Here are some complete, working examples demonstrating CCPEL's prefix syntax:
start basic_program
(int a)
(float b)
(= a 5)
(= b (+ 4.5 (* a 2.0)))
(print a)
(print b)
endThis example declares an integer a and a float b. a is assigned 5, and b is assigned 4.5 + (a * 2.0) = 14.50 using prefix operators. Both values are then printed using standard output format strings.
start increment_demo
(int x)
(int y)
(int z)
(= x 3)
(= y (x++))
(= z (++x))
(print y)
(print z)
(print x)
endDemonstrates how side effects are resolved. y is assigned the current value of x (3) before x increments to 4 (post-increment). Then, x is incremented to 5 before its value is evaluated and assigned to z (5) (pre-increment).
start ternary_demo
(int a)
(int b)
(float x)
(float result)
(= a 3)
(= b 7)
(= x 4.5)
(= result (> a b ? (* x 2.0) : (== a 3 ? 15.5 : 42.0)))
(print result)
endUses nested ternary expressions evaluating directly inside register accumulators. Since (> a b) (i.e. 3 > 7) evaluates to false, the second branch (== a 3 ? 15.5 : 42.0) is checked. Since (== a 3) is true, result is assigned 15.5.
-
Frontend: Flex (
src/lexer.l) and Bison (src/parser.y) perform lexical analysis, parsing, syntax checks, and semantic type analysis in a single pass. -
Symbol Table: Manages variables and resolves positions as
qwordstack frame offsets. -
Code Generation & Evaluation Model:
-
Compile Time Stack Construction: Compiles optimal stack frame frames at compile time. The prologue allocates space exclusively for declared local variables, rounded up to the nearest 16-byte boundary to satisfy System V AMD64 ABI requirements for function calls.
-
Hardware Stack Expression Evaluation: Volatile accumulator register contents are dynamically preserved on the CPU's hardware stack via native
push/popduring nested expression evaluations. -
Register Yielding Control Flow: Statements like ternary conditionals yield values directly inside the accumulator registers (
rax/xmm0) without intermediate memory storage. -
SSE Vector Optimization: Floating-point operations utilize SSE/SSE2 instruction subsets (
addsd,subsd,mulsd,divsd,movsd). -
Type Promotion: Automatic
cvtsi2sdandcvttsd2siinstructions handle coercion between integers and doubles seamlessly.
-
-
IR Instruction Store: Streamlined instruction linked list (
add_i,prt_i) backed by SGLIB macros, serializing clean 64-bit assembly text.

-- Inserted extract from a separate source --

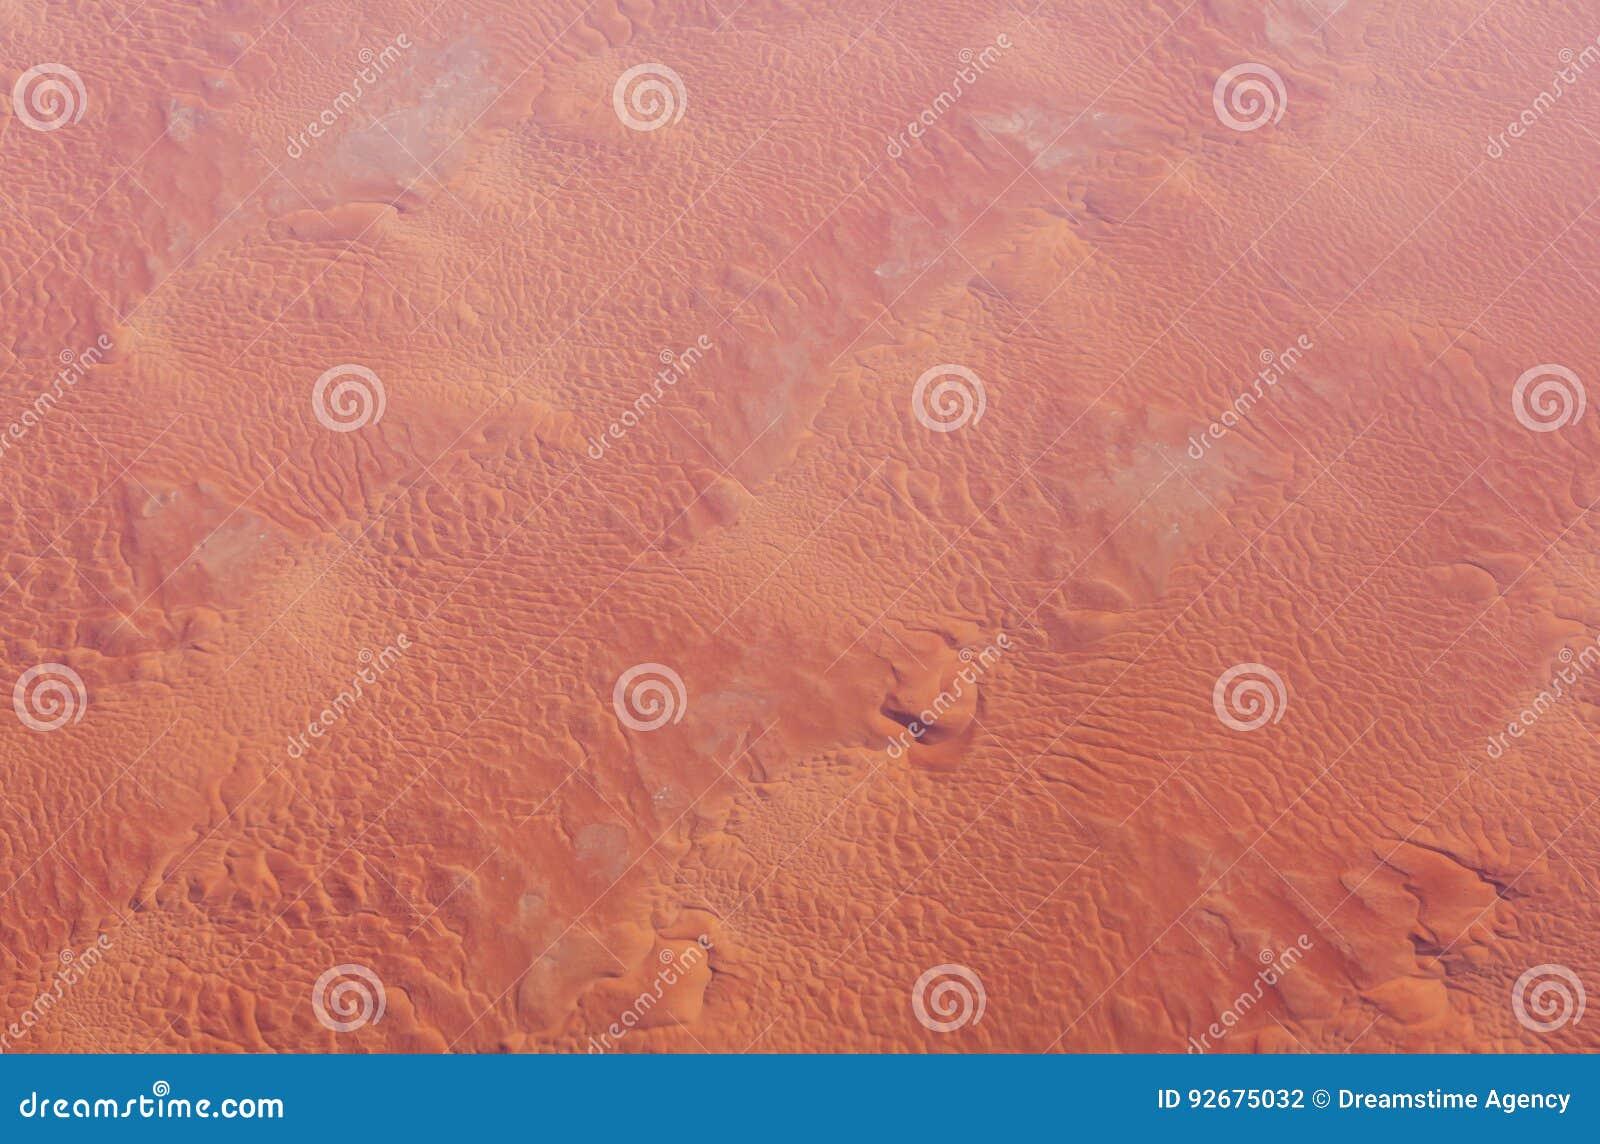 Desert coming

The build system requires nasm and gcc installed on a Linux host.
Building the project produces the ccpel executable directly in the
root directory:
makeUse the generated ccpel compiler to compile a custom prefix expression language source file (.cpel) into native x86_64 assembly (.s):
./ccpel input.cpel output.sTo build a native Linux executable from the generated assembly (.s):
-
Assemble using NASM to produce an ELF64 object file:
nasm -f elf64 -o output.o output.s
-
Link using GCC (with
-no-pie) to create the final executable:gcc -no-pie -o program output.o
-
Execute the compiled binary:
./program
Clear the compiler builds, intermediate objects, and all generated test assembly/binary artifacts:
make cleanRuns incremental compilation and execution for all test cases.
make test-
Dynamic Discovery: Scans
tests/to dynamically discover and execute all valid test programs in alphabetical order. -
Artifact Segregation: Preserves intermediate test artifacts in separate directories:
tests/asm/- Generated assembly source files (.s).tests/obj/- Assembled object files (.o).tests/bin/- Linked binary executables.